Der Bund hat dem Beschwerdeführer Aufwendungen in der Höhe von EUR 991,20 binnen zwei Wochen bei sonstiger Exekution zu ersetzen.

Begründung

Mit dem im Instanzenzug ergangenen angefochtenen Bescheid wurde dem Beschwerdeführer gemäß § 24 Abs. 1 Z. 1 FSG die Lenkberechtigung für die Klassen A1, A, B, C1, C, E (D), E (C1), E (C), F und G für die Dauer von sechs Monaten ab der (am 5. September 2002 erfolgten) Zustellung des erstinstanzlichen Bescheides vom 4. September 2002 entzogen. In der Begründung führte die belangte Behörde aus, der Beschwerdeführer habe in der Zeit von November 2000 bis Juni 2001 Suchtgift in einer großen Menge, nämlich 800 bis 1000 g Marihuana, durch Übergabe an verschiedene Drogenkonsumenten in Verkehr gesetzt und im Zeitraum April 1999 bis September 2001 Suchtgift erworben und besessen, und zwar Marihuana in einer nicht erhobenen Menge konsumiert. Er sei deshalb wegen des Verbrechens nach § 28 Abs. 2 Suchtmittelgesetz - SMG und wegen des Vergehens nach § 27 Abs. 1 leg. cit. in Anwendung der §§ 28 und 37 StGB zu einer Geldstrafe von 240 Tagessätzen verurteilt worden. Die Höhe des einzelnen Tagessatzes sei mit EUR 2,-- bestimmt worden. Das Verbrechen nach § 28 Abs. 2 SMG stelle eine bestimmte Tatsache dar und habe zweifellos die Verkehrsunzuverlässigkeit des Beschwerdeführers zur Folge gehabt. Die Weitergabe von Suchtgift in einer Menge von 800 bis 1000 g sei besonders verwerflich, weil damit ein größerer Personenkreis einer nachhaltigen gesundheitlichen Schädigung ausgesetzt worden sei. Da seit der Beendigung des strafbaren Verhaltens bis zur Erlassung des erstinstanzlichen Entziehungsbescheides rund ein Jahr verstrichen sei, sei die Dauer der Verkehrsunzuverlässigkeit mit sechs Monaten anzunehmen gewesen.

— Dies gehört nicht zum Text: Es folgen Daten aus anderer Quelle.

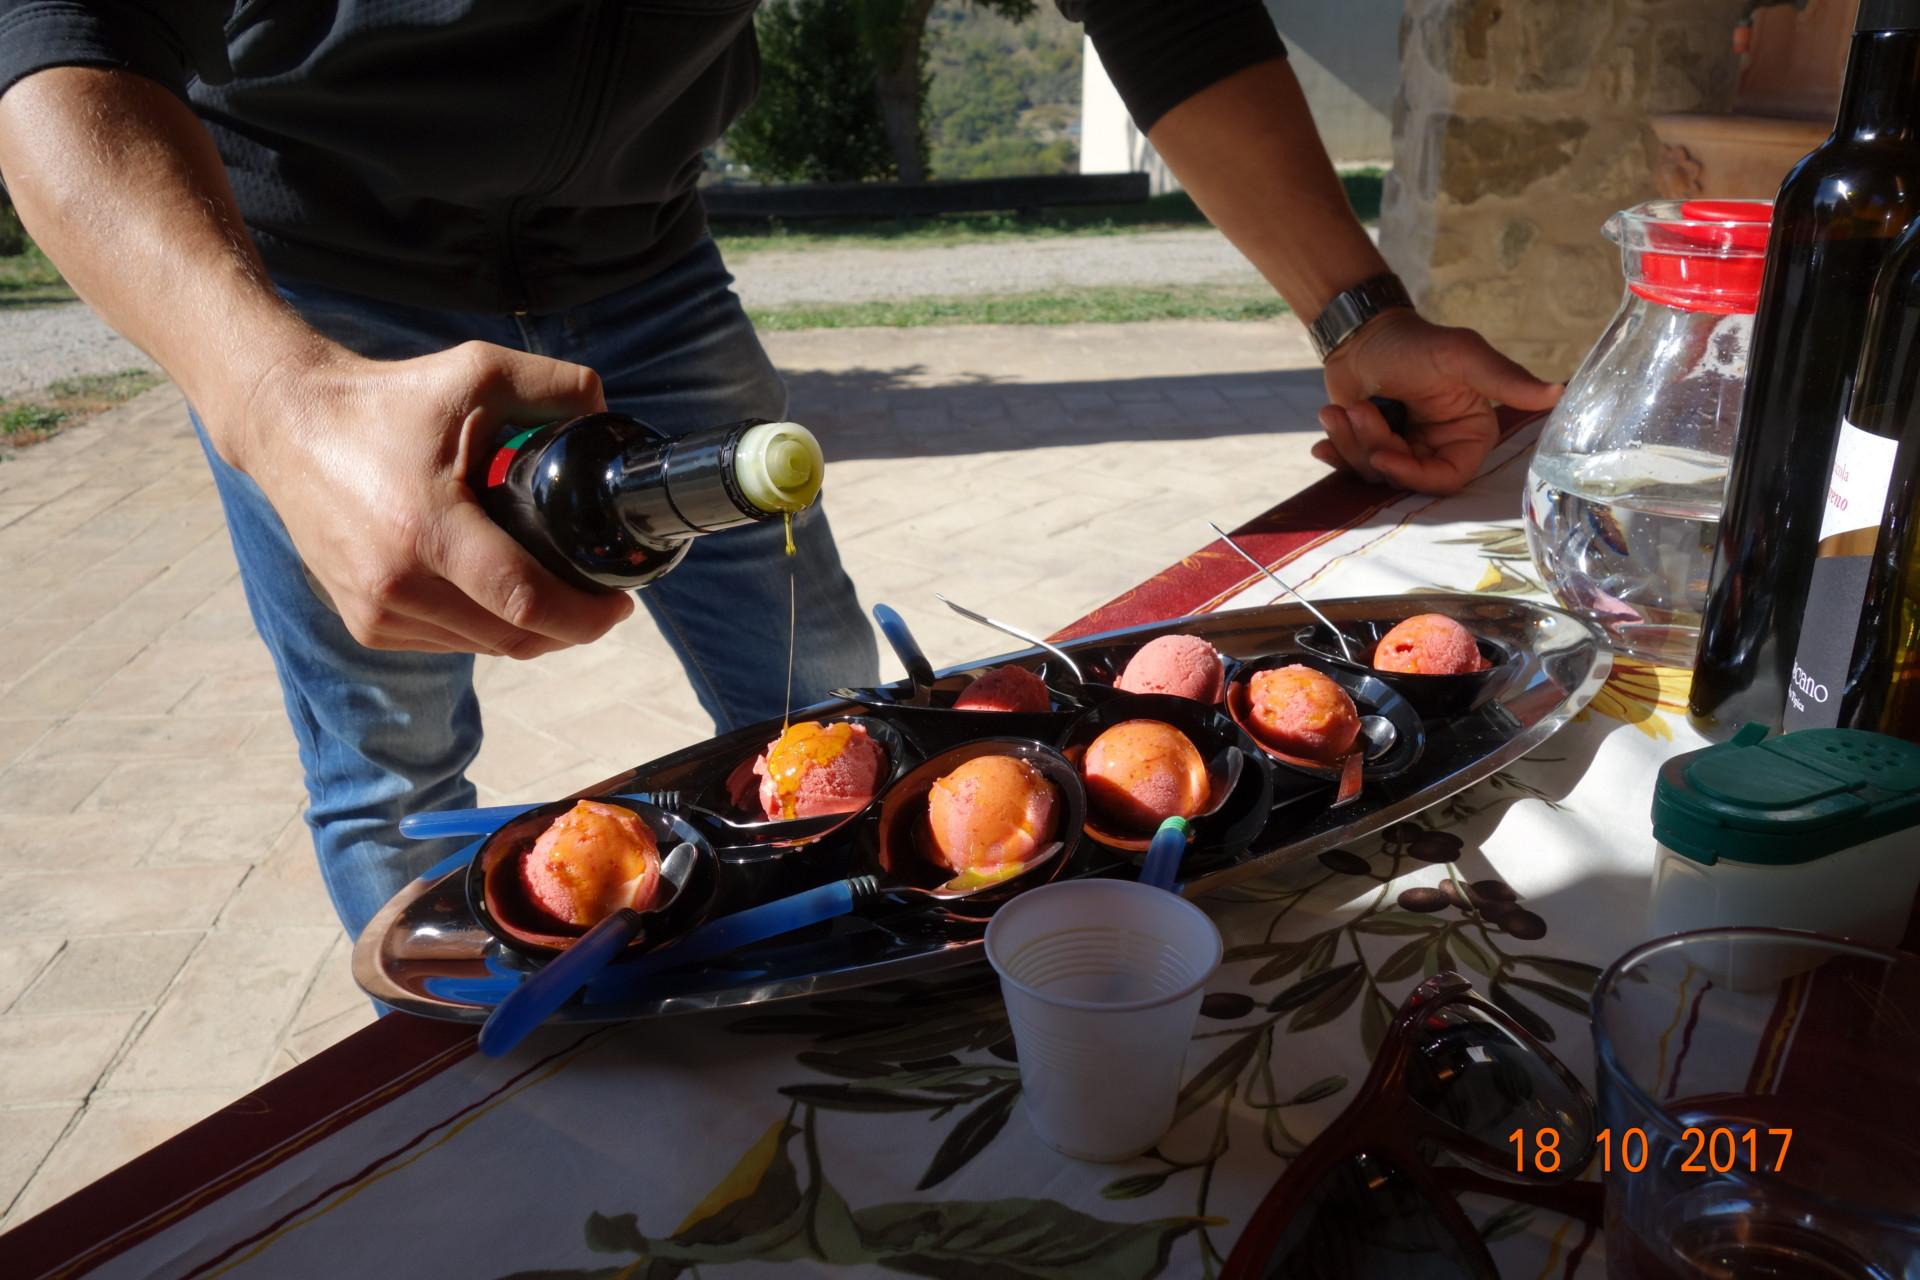 Mirka würzt die Glace mit seinem delikaten Olivenöl

Gegen diesen Bescheid erhob der Beschwerdeführer Beschwerden an den Verfassungsgerichtshof und an den Verwaltungsgerichtshof. Der Verfassungsgerichtshof lehnte mit Beschluss vom 11. Oktober 2003, B 1606/02, die Behandlung der an ihn gerichteten Beschwerde ab. In der Begründung verwies er auf sein Erkenntnis vom selben Tag, B 1031/02, in dem er die behauptete Verletzung in dem aus Art. 4 Abs. 1 des 7. ZPEMRK sich ergebenden Rechtes durch eine auf § 7 Abs. 2 FSG (in der Fassung vor der 5. FSG-Novelle) gestützte Entziehung der Lenkberechtigung deshalb für nicht gegeben erachtet hat, weil es sich (auch) bei der auf § 7 Abs. 2 FSG gestützten Entziehung der Lenkberechtigung um eine administrative Sicherungsmaßnahme und nicht um eine Strafe handle.

Die belangte Behörde hat die Akten des Verwaltungsverfahrens vorgelegt.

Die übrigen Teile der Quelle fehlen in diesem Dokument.